Laura Ingraham’s most vile responses to a report of sexual assault by Brett Kavanaugh 

Melissa Joskow / Media Matters

On Sunday, The Washington Post reported that Christine Blasey Ford wrote a letter this summer to her congresswoman stating that Supreme Court nominee Brett Kavanaugh had sexually assaulted her when they were both high school students. Ford shared her story with the Post:

Speaking publicly for the first time, Ford said that one summer in the early 1980s, Kavanaugh and a friend — both “stumbling drunk,” Ford alleges — corralled her into a bedroom during a gathering of teenagers at a house in Montgomery County.

While his friend watched, she said, Kavanaugh pinned her to a bed on her back and groped her over her clothes, grinding his body against hers and clumsily attempting to pull off her one-piece bathing suit and the clothing she wore over it. When she tried to scream, she said, he put his hand over her mouth.

“I thought he might inadvertently kill me,” said Ford, now a 51-year-old research psychologist in northern California. “He was trying to attack me and remove my clothing.”

Ford said she was able to escape when Kavanaugh’s friend and classmate at Georgetown Preparatory School, Mark Judge, jumped on top of them, sending all three tumbling. She said she ran from the room, briefly locked herself in a bathroom and then fled the house.

Right-wing media responded to Ford’s story with a mixture of dismissal and disdain. Some conservative pundits questioned whether she ought to be believed, and others contended that the assault -- even if it did occur -- was irrelevant to whether Kavanaugh should serve on the Supreme Court.

Laura Ingraham’s response, however, was particularly vile. The Fox host informed her radio show listeners on Monday that Ford’s story made her want to “throw up” because she was disturbed by the “rank unfairness” to Kavanaugh. She launched repeated and vicious attacks against Ford, suggested contacting Ford's “former boyfriends,” attempted to spin the accusations into evidence of society’s unfair treatment of men, and claimed that Democrats had planned the timing of the accusations.
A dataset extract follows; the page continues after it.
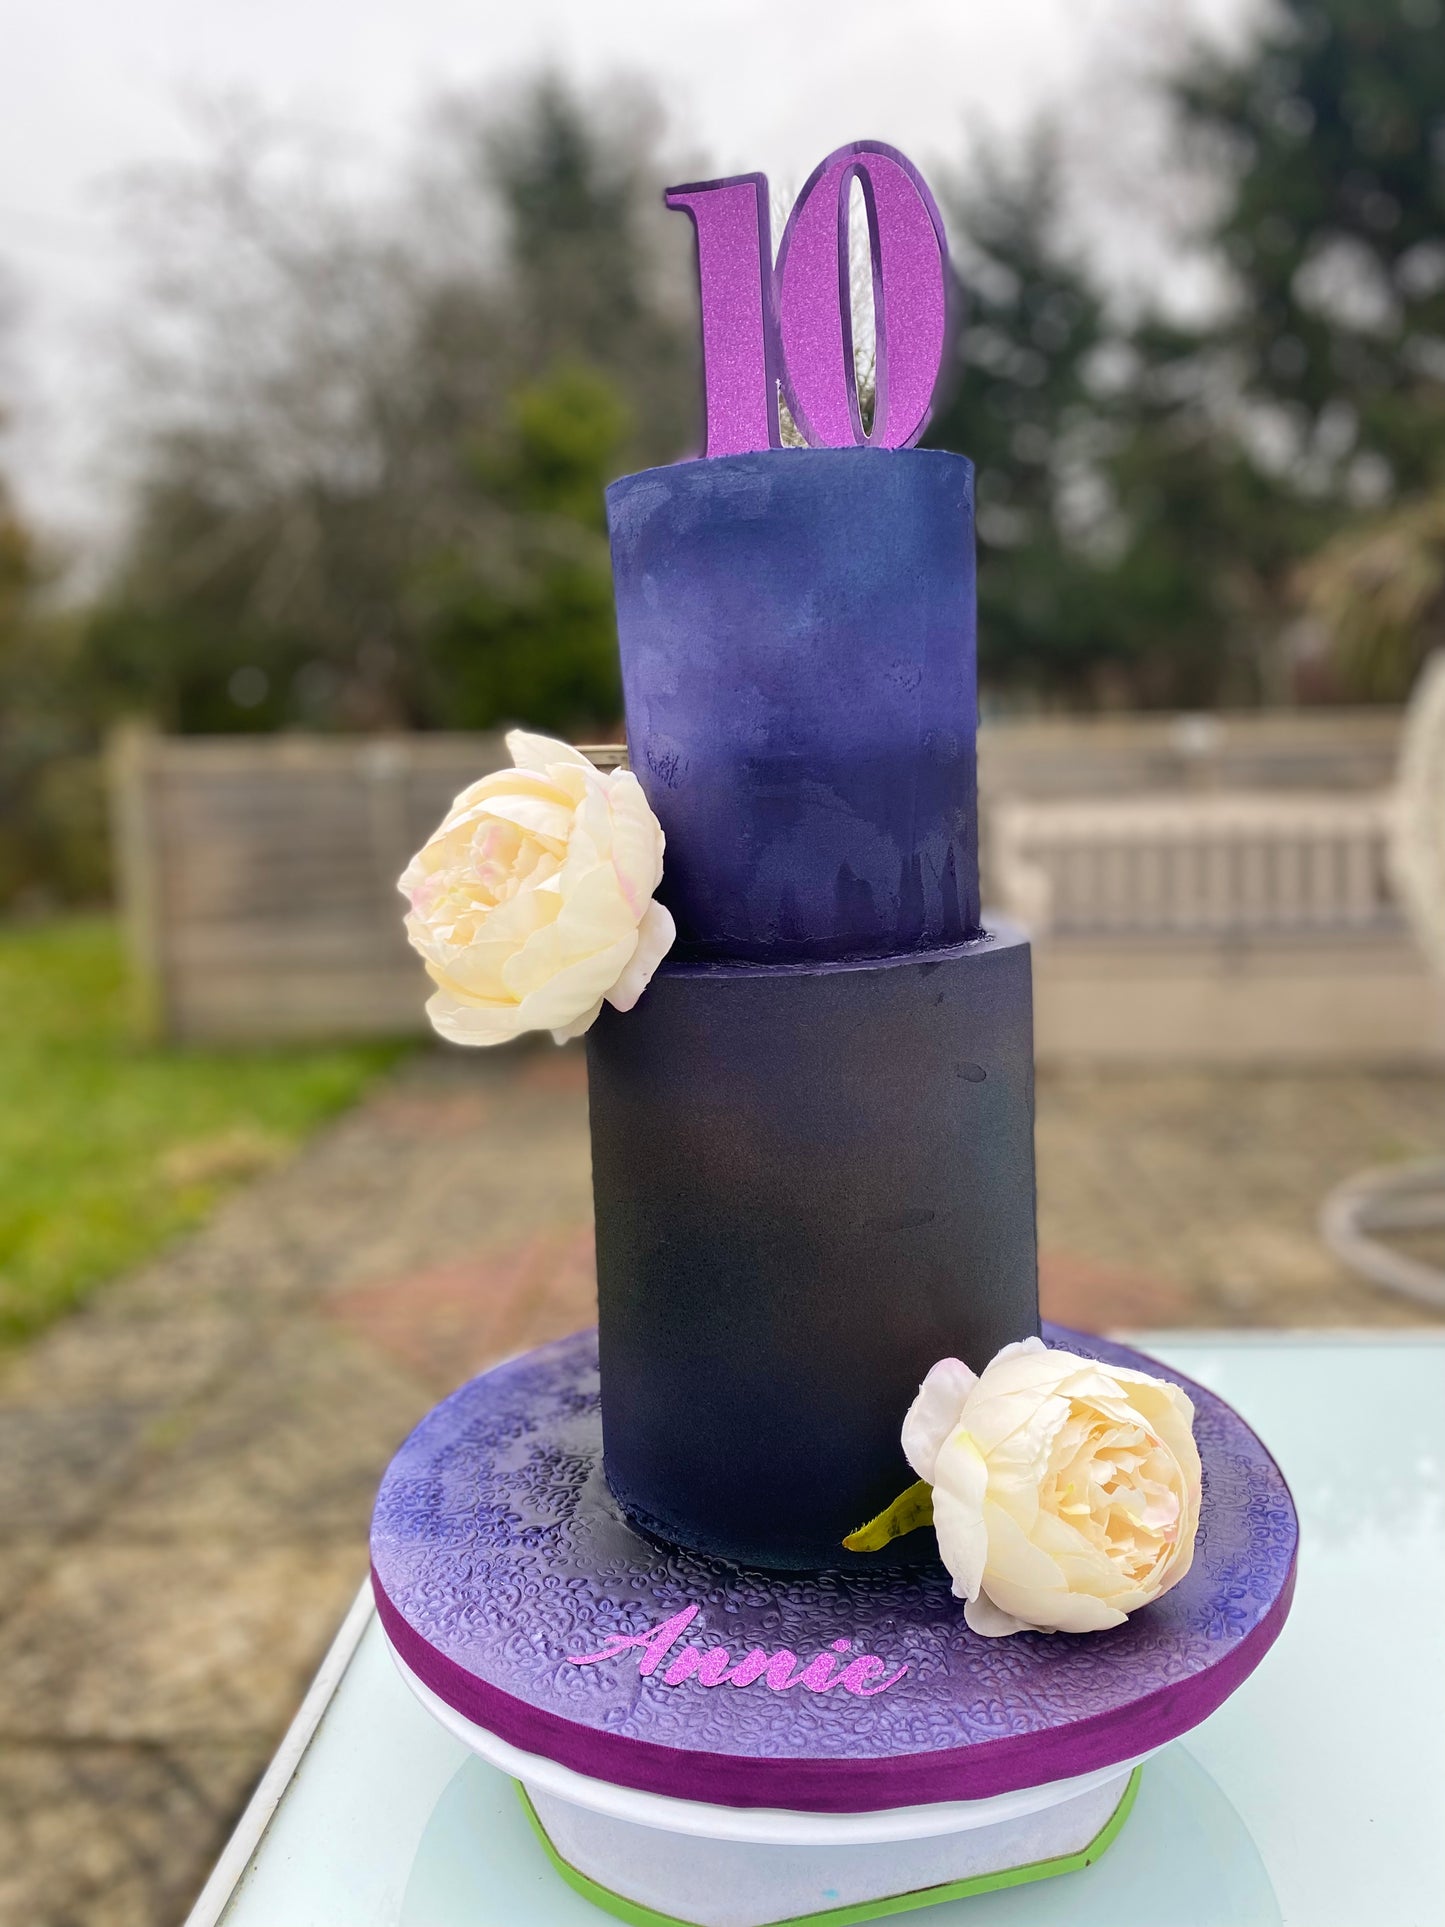 Black cake with purple accents

Here are some of her most repugnant responses:

1. Ingraham suggested that a history of sexual assault is not relevant to a judge serving on the Supreme Court (where major decisions about women's lives and rights are made), asking, “How is it relevant to whether he is qualified to sit on the Supreme Court?”

2. She compared the current situation to law professor Anita Hill’s accusations against Supreme Court Justice Clarence Thomas in 1991, claiming that Democrats “wanted this to come out right before the vote ... just like they did with Justice Thomas. They had to wait until the last minute ... They wanted this to derail his nomination.”

3. She tried to reframe Ford’s story and make it about men, telling listeners: “This could happen to any of you -- let's focus on men for a moment -- any of your sons, any of your brothers, any of your uncles.” Ingraham further argued that the story demonstrates that it’s a “very precarious place to be as a man today -- very, at every level. It's so unfair.”

4. Ingraham tweeted out “10 Reasons to Question the Veracity of Kavanaugh's Accuser.”

5. She viciously lashed out at Ford for not speaking publicly about her story in the past, telling listeners, “Apparently, this accuser was fine with leaving Brett Kavanaugh on the second highest court of the land. She had repressed her memory supposedly until 2012, but was OK with leaving him with three law clerks, interns, all the other women who work at the court, the second highest court of the land. That was OK. That was all right.”

6. She dismissed Ford as “a partisan,” and claimed Ford’s coming forward with her story is “an unfair process -- it’s unfair to him, his family, and, frankly, to this nation.”

7. She claimed Ford’s story is “not about fairness, it’s not about the process,” but it is instead part of a “blood sport” played by Democrats to destroy the judge.

8. She hosted two Kavanaugh backers who signed a letter of support for him and asked what Ford’s “reputation” had been in high school. She then suggested that Ford’s “former boyfriends” should be contacted.

9. Ingraham tweeted a link to a website run by a conspiracy theorist to suggest that Ford might have a grudge against Kavanaugh because of a 1996 court case that Kavanaugh’s mother presided over involving Ford’s parents.  

Ingraham has a long and disturbing history of minimizing sexual harassment and assault, and of blaming and shaming survivors. She often chooses to focus her coverage of sexual misconduct on perceived inconvenience for men, rather than the consequences for women. Her responses to Ford’s story, though not surprising given her history, are immensely reprehensible and dangerous, and they directly contribute to why survivors don’t come forward.